In August 2012, Rory Curtis a 25-yr young man had a car accident at Redditch in Great Britain. He suffered a brain hemorrhage because of the crash and was in a coma for 6 days.
Rory’s van flipped over M42 and five vehicles crashed into it. The firefighters struggled for around 40 minutes to free him from the wreckage.
He was then airlifted to Birmingham’s Queen Elizabeth Hospital. For 6 days medics battled to save his life.
After he woke up from coma, Rory started speaking fluently in French with the nurses there. This semi-pro footballer had never learnt French after school.
He refused to recognize himself in the mirror. He said that the person in the mirror was not him as he was Matthew McConaughey, the Oscar-winning Hollywood actor.
Rory’s family was approached by the National Institute for Health Research Surgical Reconstruction and Microbiology Research Centre. He was then treated with an experimental drug.
Rory Curtis became the second person in Britain who had the treatment, which drew upon the Ministry of Defence’s expertise with injured soldiers.
Rory recovered very fast and was discharged from the hospital within two months, but had to face rehab for a few months. Now he no longer believed that he was McConaughey.
After recovery Rory said, “I cannot remember much but I know in my head I thought I was Matthew McConaughey, but at times I was in hospital thinking I can’t wait to get out of here and back to filming movies.
Then slowly over time it eventually clicked and I thought ‘he is an actor, what am I on about?’ I was convinced I was him and that I had his good looks as well – I know it was hopeful thinking really. ”
He was equally surprised with his French speaking ability. Speaking about his French he said: “It’s quite bizarre to say the least. I didn’t even do French at GCSE so haven’t studied it since Year 9 – then all of a sudden I’m fluent in it.
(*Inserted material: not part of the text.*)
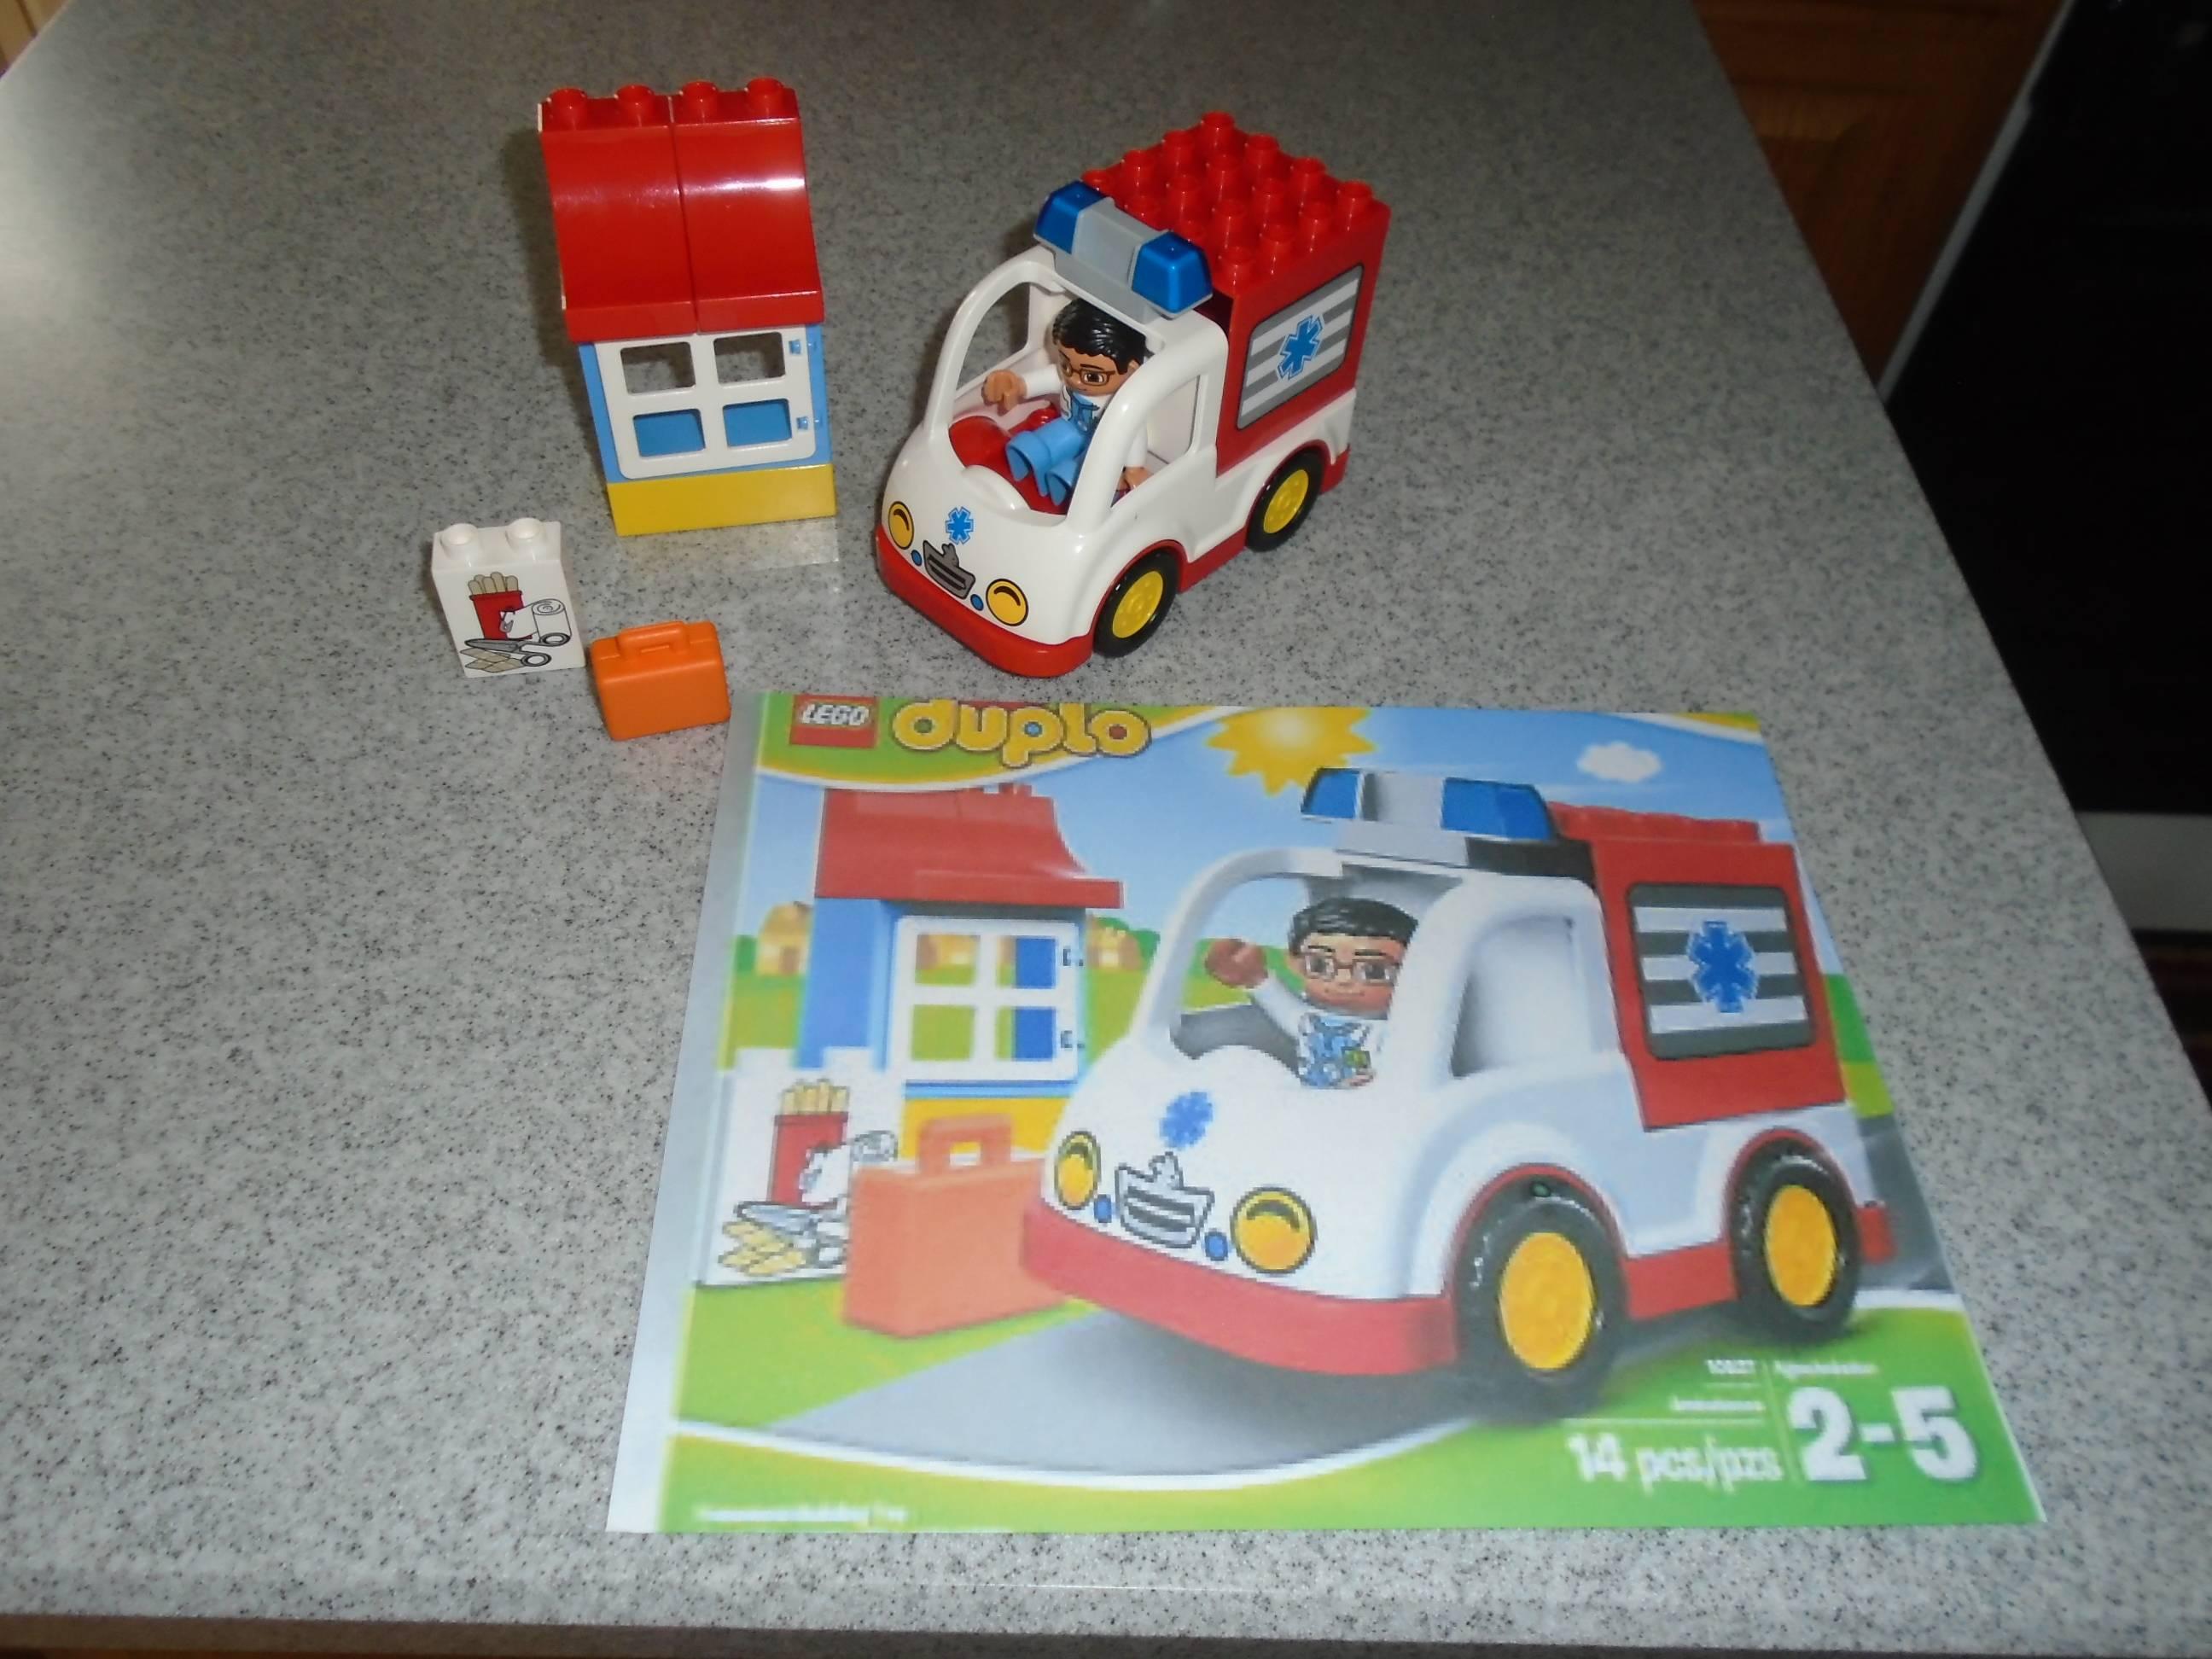 LEGO DUPLO Ville Ambulance 10527 - $15

I wasn’t really that good at it at school, so I don’t how my brain has managed to do what is has. I don’t know how I know it – I just do. I can’t explain how it happened. It’s incredible really.”
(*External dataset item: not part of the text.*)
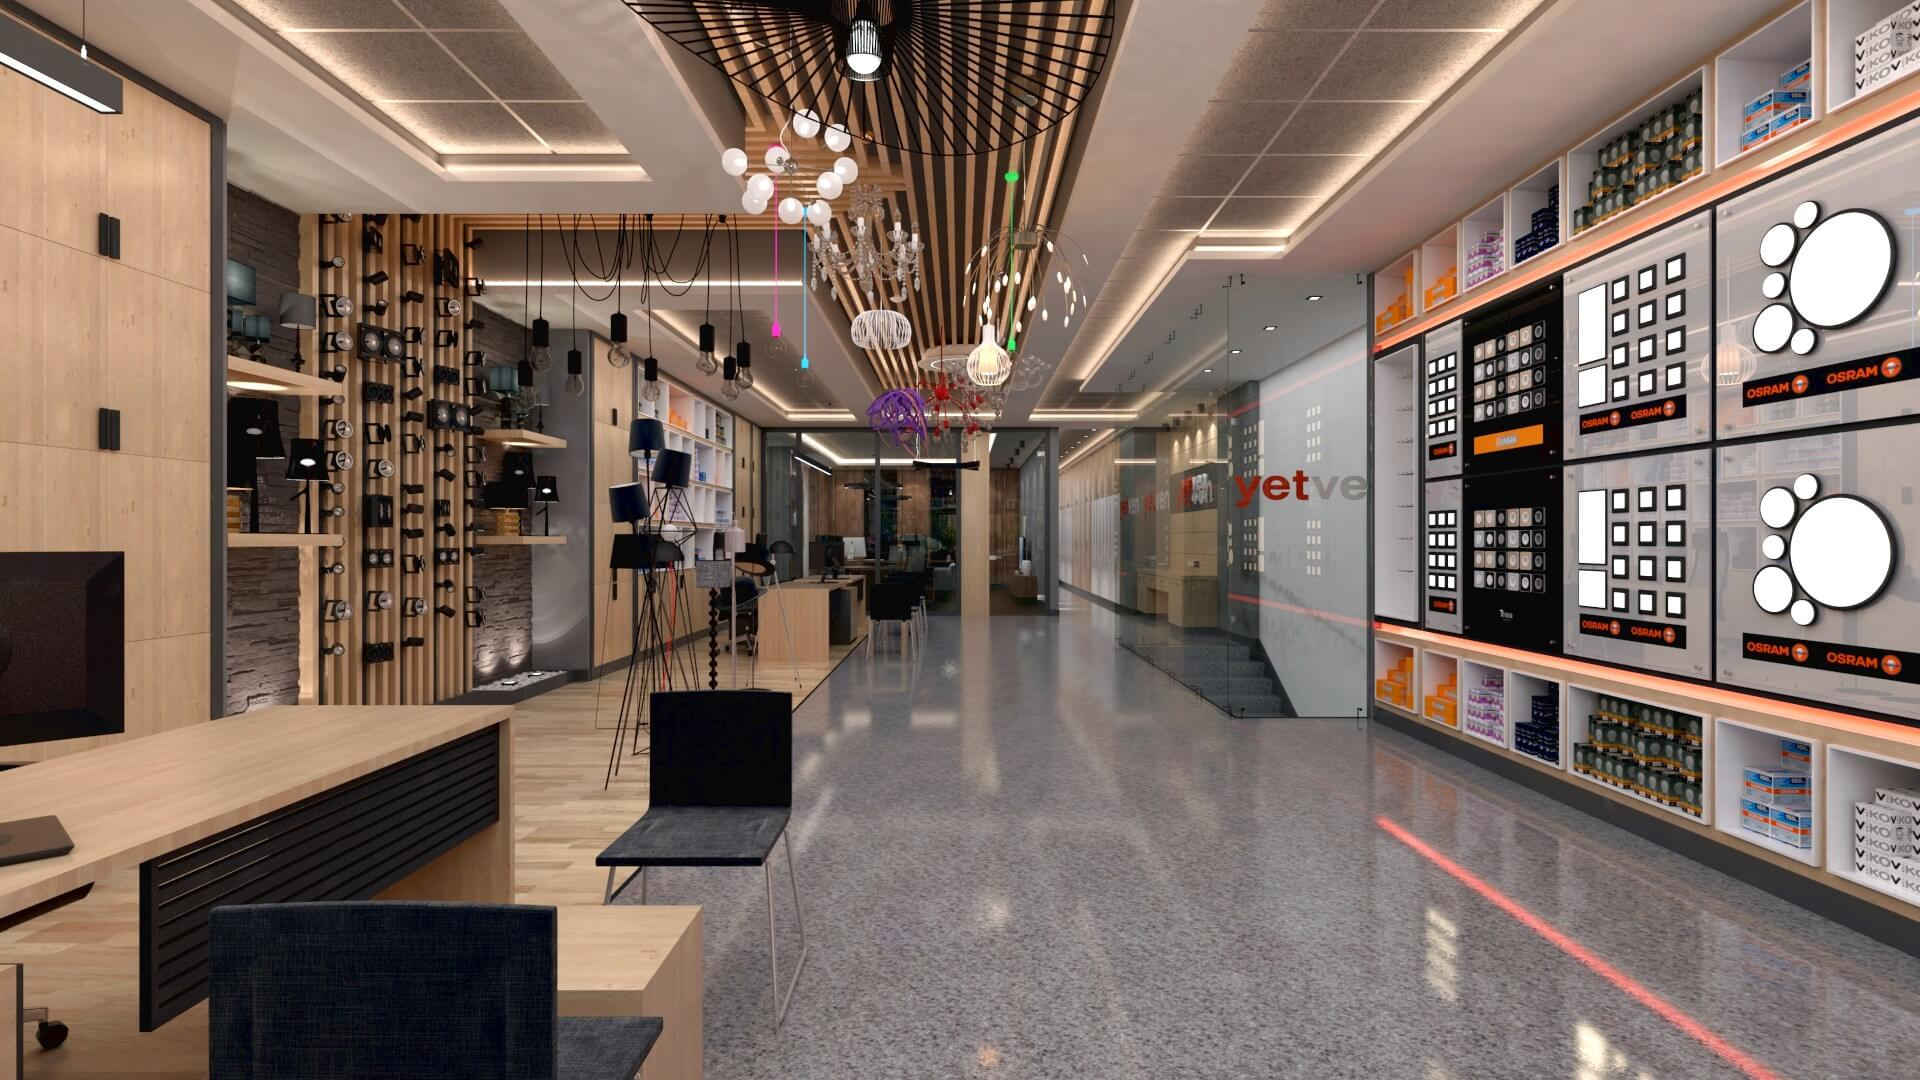 Hotel Architecture and Interior Design Yetven Electric / Ostim

“I don’t remember coming round but my family said one of the nurses was from Africa and spoke French and I was having conversations with her.
I was just casually chatting away about how I was feeling in this perfect French accent. My mum and dad were stunned when they got to hospital and the nurse asked them what side of the family was French.
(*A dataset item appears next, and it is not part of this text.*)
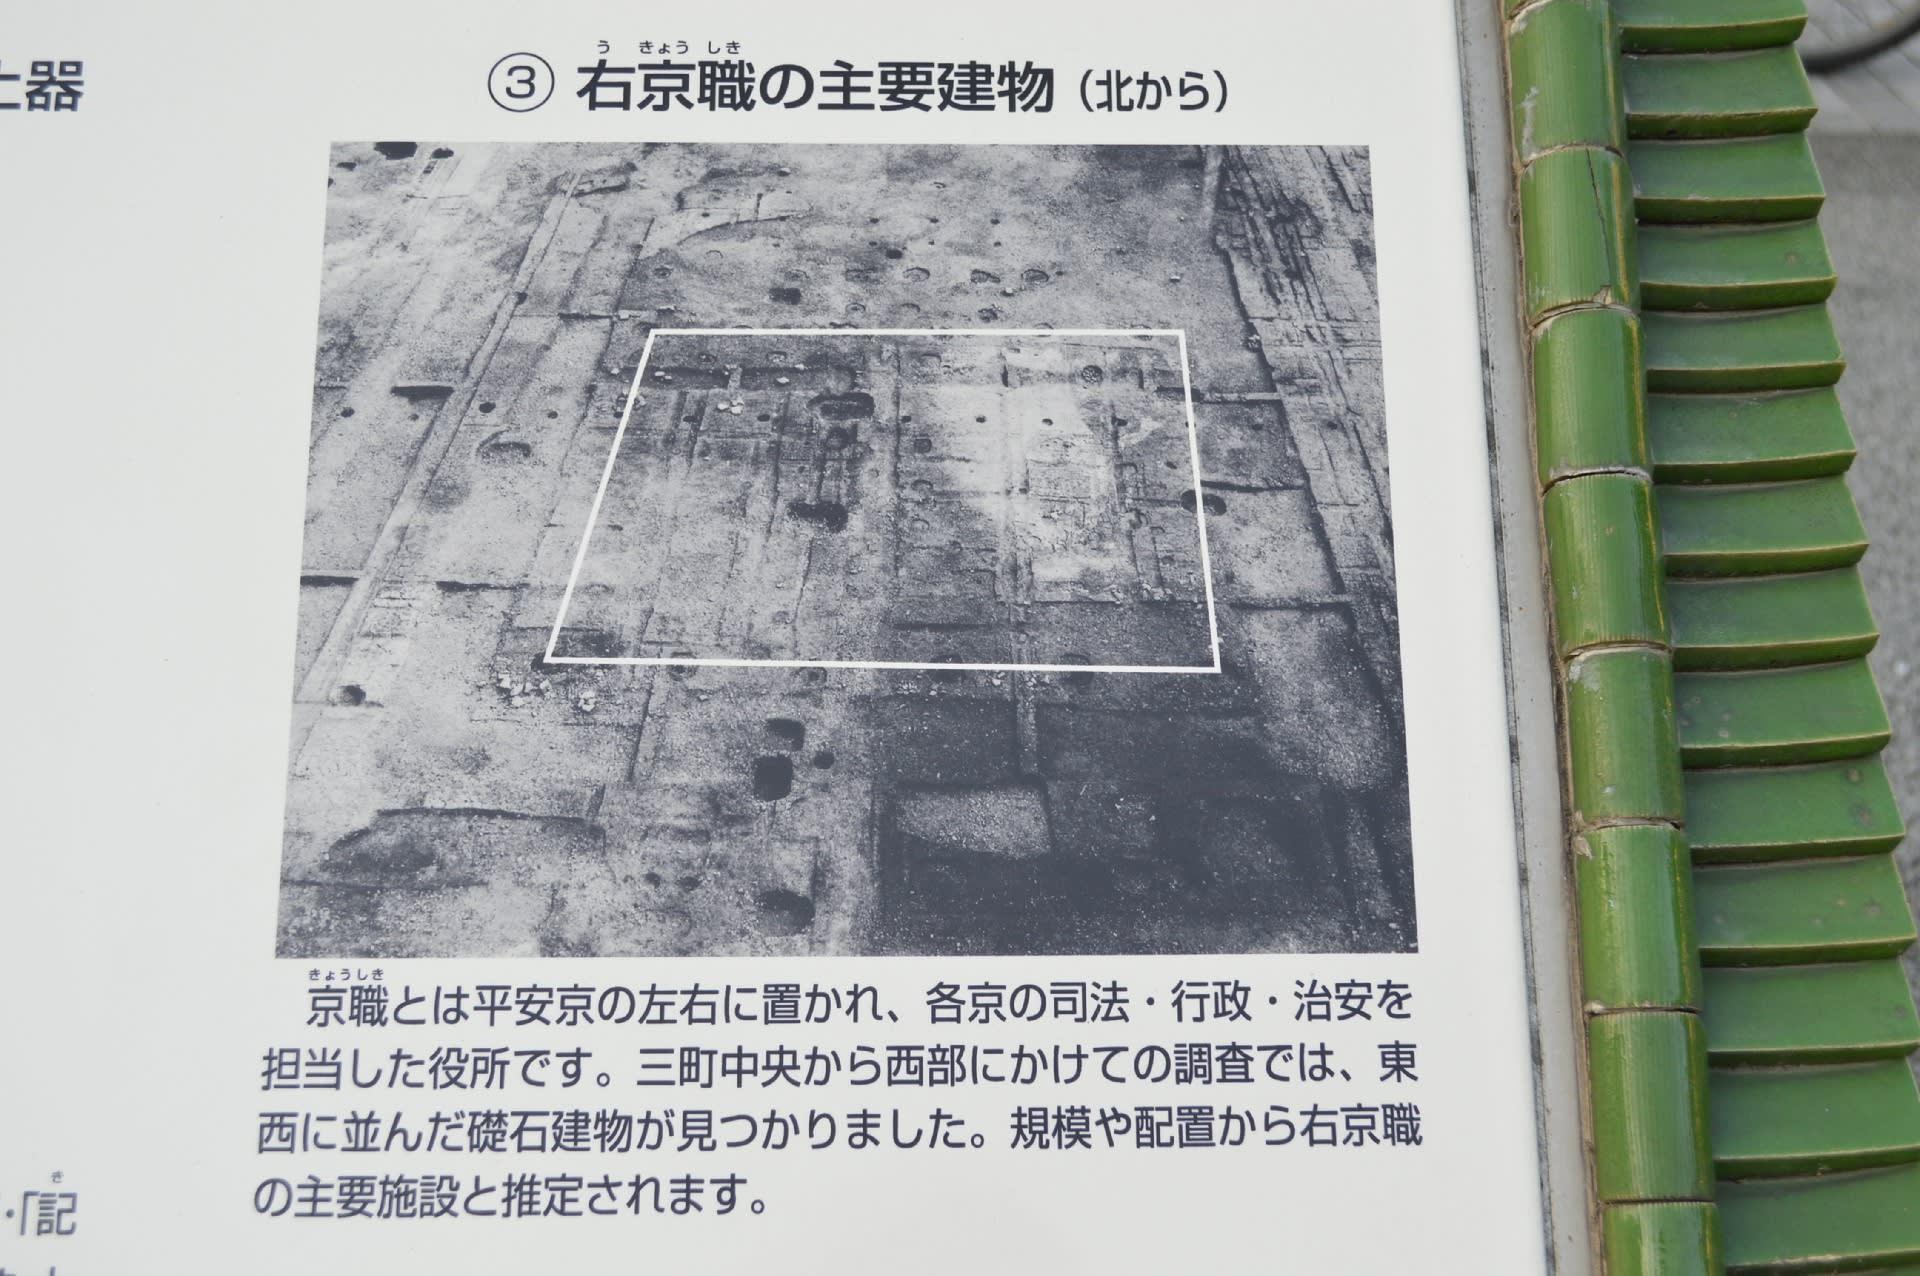 平安宮026 右京職の建物跡 墨書...

And then I was sitting there spouting a foreign language from my hospital bed acting all French in their sort of arrogant yet sophisticated way. It wasn’t me at all.”
Rory is being trained as a barber and is learning to teach hairdressing himself and is working at his aunt’s salon in Birmingham. The accident has completely changed Rory.
“Because I don’t remember the crash, it doesn’t feel like I’ve had a brain injury. Apart from obviously being able to now speak French.”
Even after two and a half year after the crash Rory can still speak French fluently. His mother Vera says; “The brain really is an incredible thing; nobody has quite been able to explain why it has happened.”